The lack of a full theory of information preservation has not stifled proposals for preservation strategies. The focus of these is typically either emulation of earlier hardware and software environments, or the migration of resources to new systems in which it is hoped the content will be equally accessible. Description of structural and semantic relationships and properties of, within, and between resources is seen as key to the second strategy. The following quote, for example, is taken from Section 2 of the Reference Model for an Open Archival Information System (OAIS):

In order for this information object to be successfully preserved, it is critical for an OAIS [Open Archival Information System] to clearly identify and understand the data object and its associated representation information. For digital information, this means the OAIS must clearly identify the bits and the Representation Information that applies to those bits.
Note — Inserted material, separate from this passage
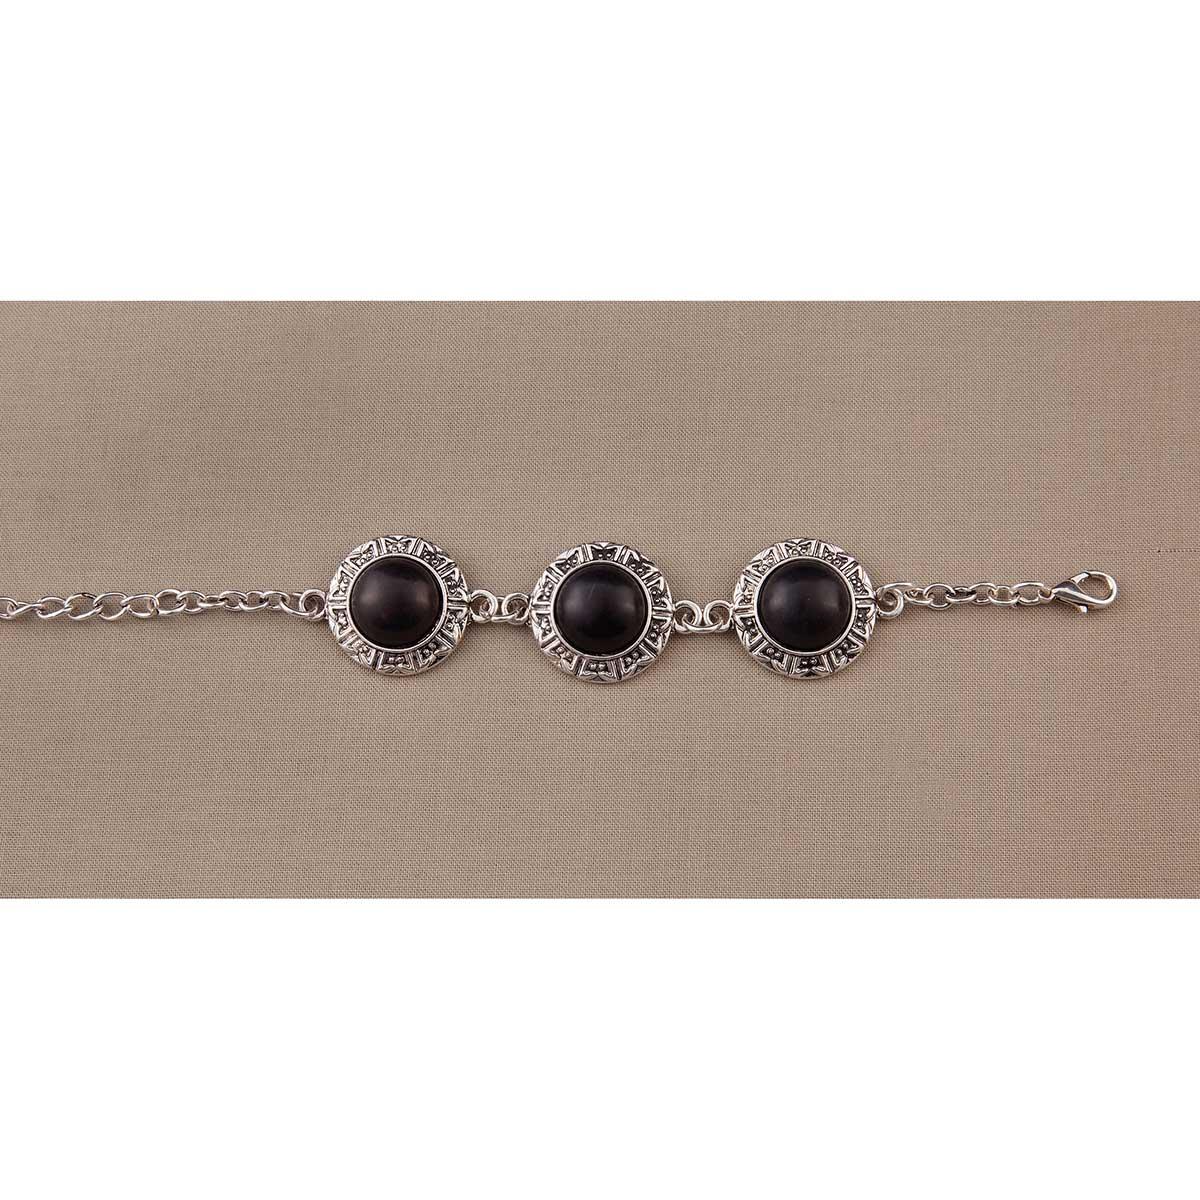 Black 3 Round Stone Bracelet

This required transparency to the bit level is a distinguishing feature of digital information preservation, and it runs counter to object-oriented concepts which try to hide these implementation issues. This presents a significant challenge to the preservation of digital information [OAISRM02].
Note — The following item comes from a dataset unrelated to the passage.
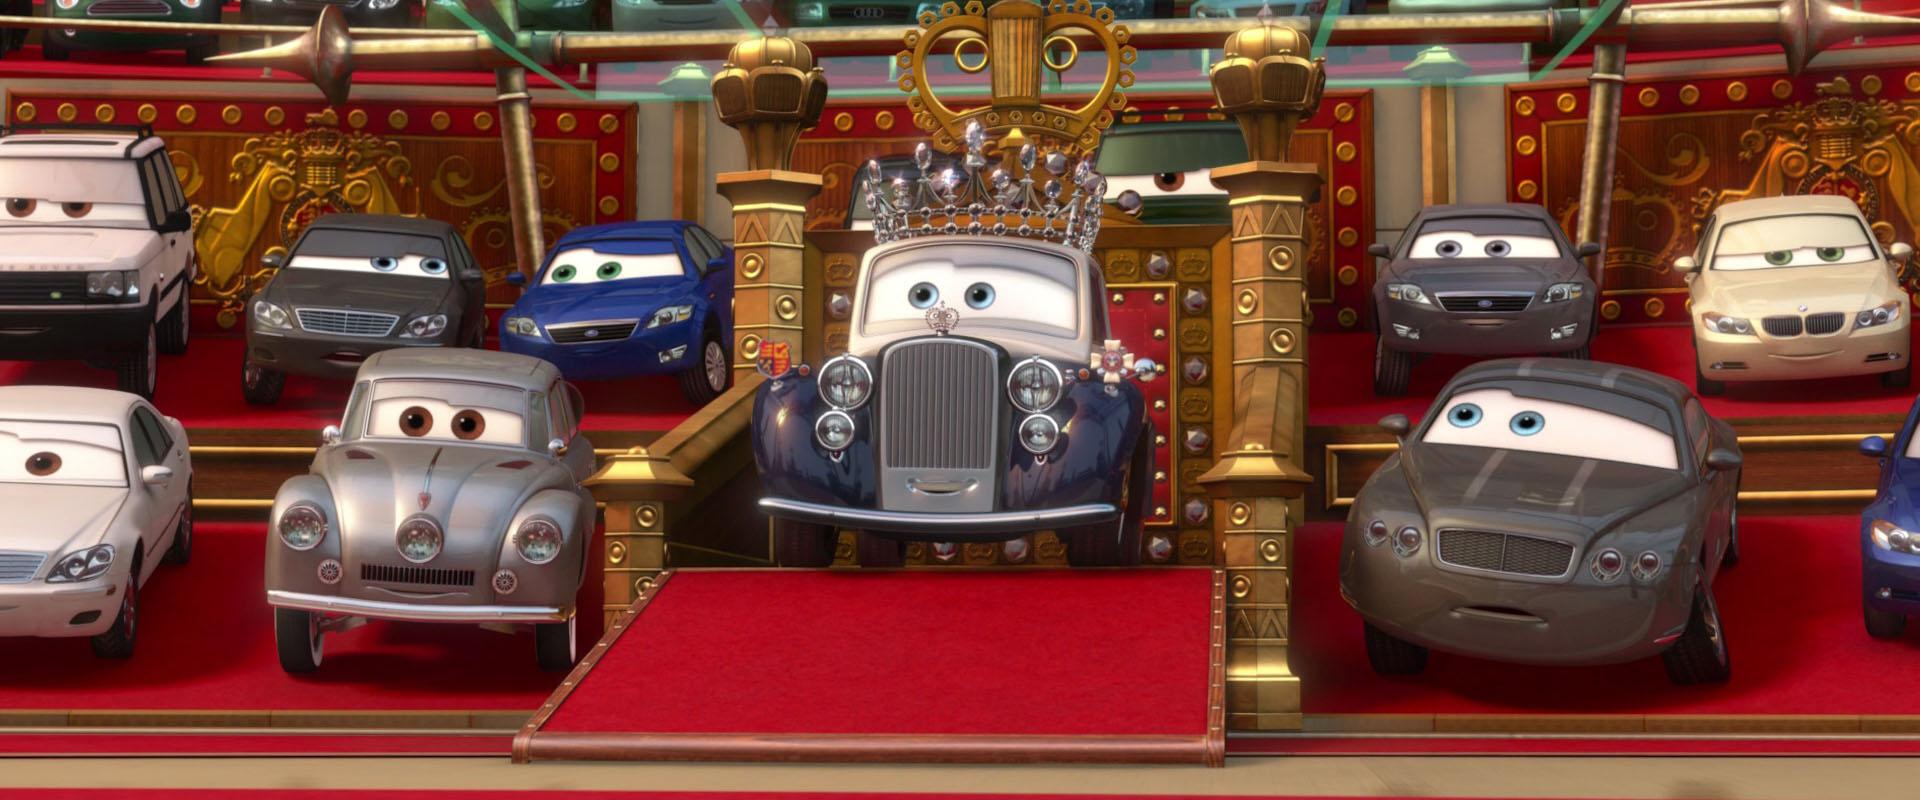 la reine personnage dans cars 2 pixar planet fr. Black Bedroom Furniture Sets. Home Design Ideas

Not every recommendation insists on description as fine-grained as the OAISRM [Open Archival Information System Reference Model] would seem to demand, but the association of the resource with descriptions at some level is usually called for — whether that's at the bit level, relationships among files, or at the higher level of domain objects, topics, authorship relations, etc. For some preservation efforts, Digital Object Repository systems (such as DSpace [dspace] and Fedora [fedora] play a key role in managing both the metadata descriptions and the files encoding the resources that are described. These repositories are a kind of digital asset management architecture—the same class of information systems that includes digital library and content management systems. Such systems include a storage or database layer, a layer dedicated to resource description, record import and export capabilities, often some form of version control or transaction logging, and the ability to create web-based interfaces for access by users. Typically, information is exchanged between repositories in the form of XML [Extensible Markup Language] records.
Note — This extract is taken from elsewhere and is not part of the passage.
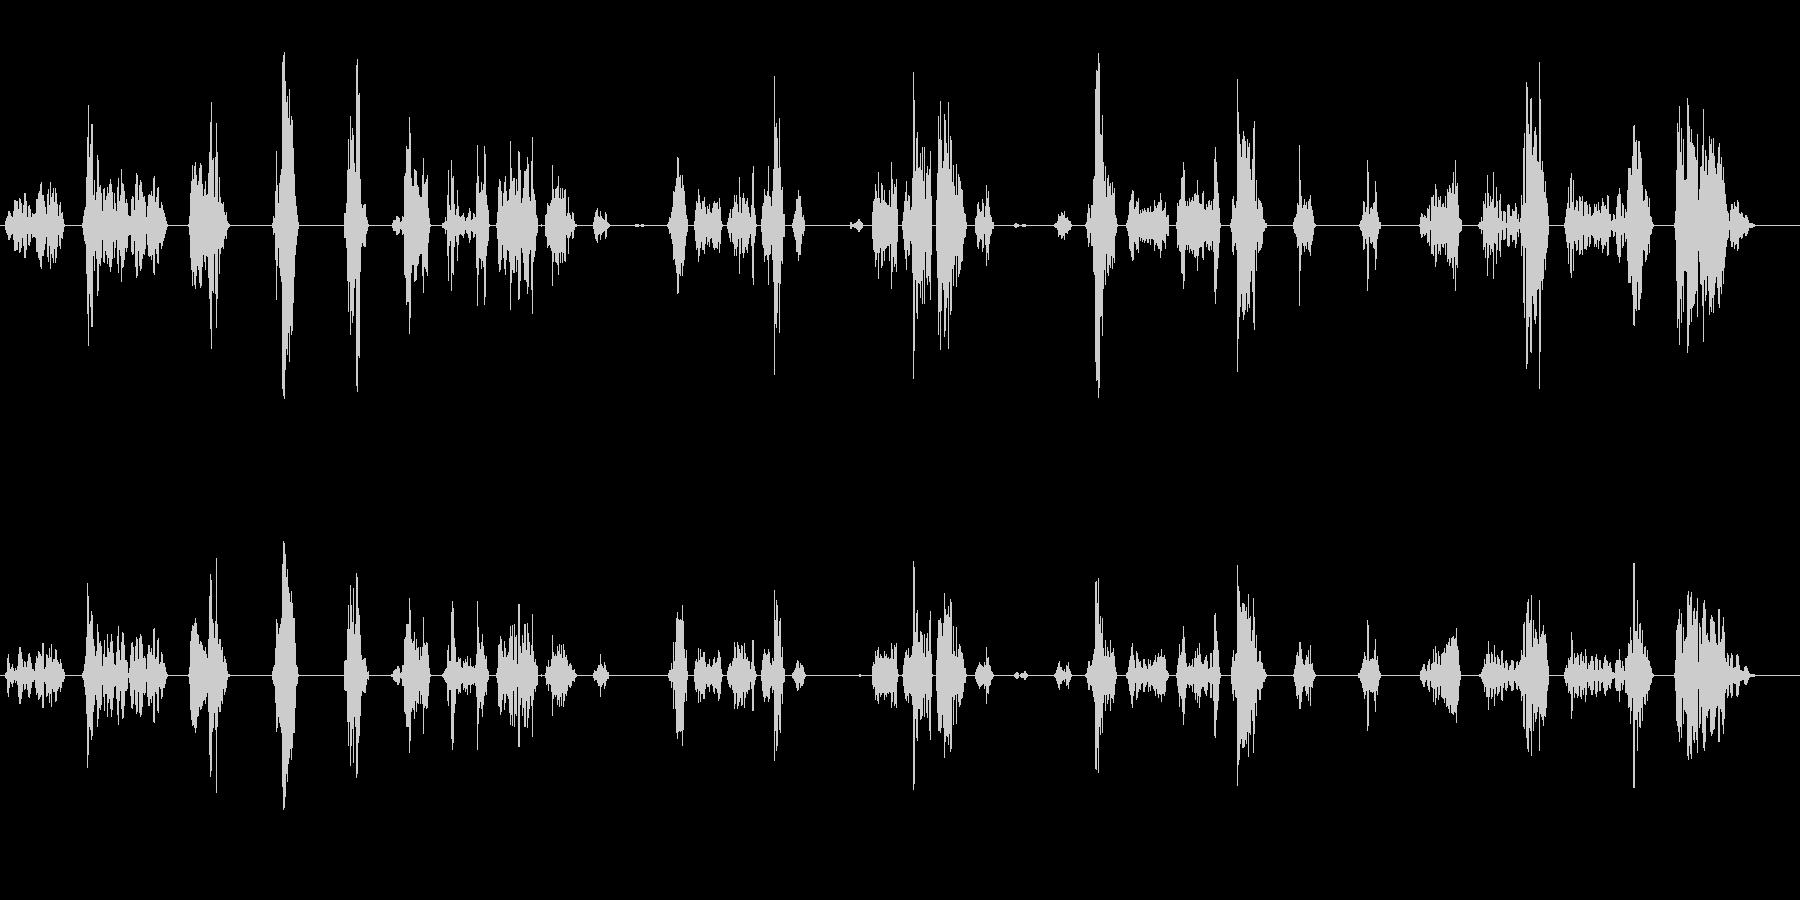 ゲームのスライムが動く時の音の未再生の波形

The listings below show parts of a Dublin Core metadata record exported from an installation of the DSpace repository system. The resource being described is an aerial photograph expressed as a JPEG [Joint Photographic Experts Group] file, and the record reflects several archival transactions that have already taken place.

Figure 1
<?xml version="1.0" encoding="utf-8" standalone="no"?>
  <dcvalue element="contributor" qualifier="none">Scanning, indexing, and description 
sponsored by the Illinois State Library and the University of Illinois at Urbana-Champaign 
Library. Geo-referencing sponsored and performed by the Geographic Modeling Systems 
Laboratory, University of Illinois at Urbana-Champaign.</dcvalue>
  <dcvalue element="contributor" qualifier="author">United States. Agricultural Adjustment 
  <dcvalue element="contributor" qualifier="author">Aerial Photographs</dcvalue>

DSpace Export file

The first and most noticeable puzzle in this description is that “Aerial Photographs” is listed as an author. An obvious interpretation is that this is simple tag abuse or human error, but the history of this description reveals it to be an example of a more general and complicated problem. This is the latest in a series of descriptions each derived from an earlier version:

  1. A paper description accompanied the original photograph, which had been taken in 1938.
  2. In 1998 the photograph was scanned for inclusion in an image database made available on the web [grainger99]. A metadata record for the photograph was entered into a relational database. The fields for that database were derived from the FGDC [Federal Geographic Data Committee] Content Standard for Digital Geospatial Metadata [fgdc98].
  3. In May of 2005 an OAI 2.0 metadata record was derived from that database entry, via a mapping from the database fields into Dublin Core.
  4. Several months later the OAI record was transformed via XSLT [XSL Transformations] into a form suitable for ingestion into a DSpace installation.
  5. When the record was exported from DSpace, additonal DC [Dublin Core] metadata statements had been automatically added.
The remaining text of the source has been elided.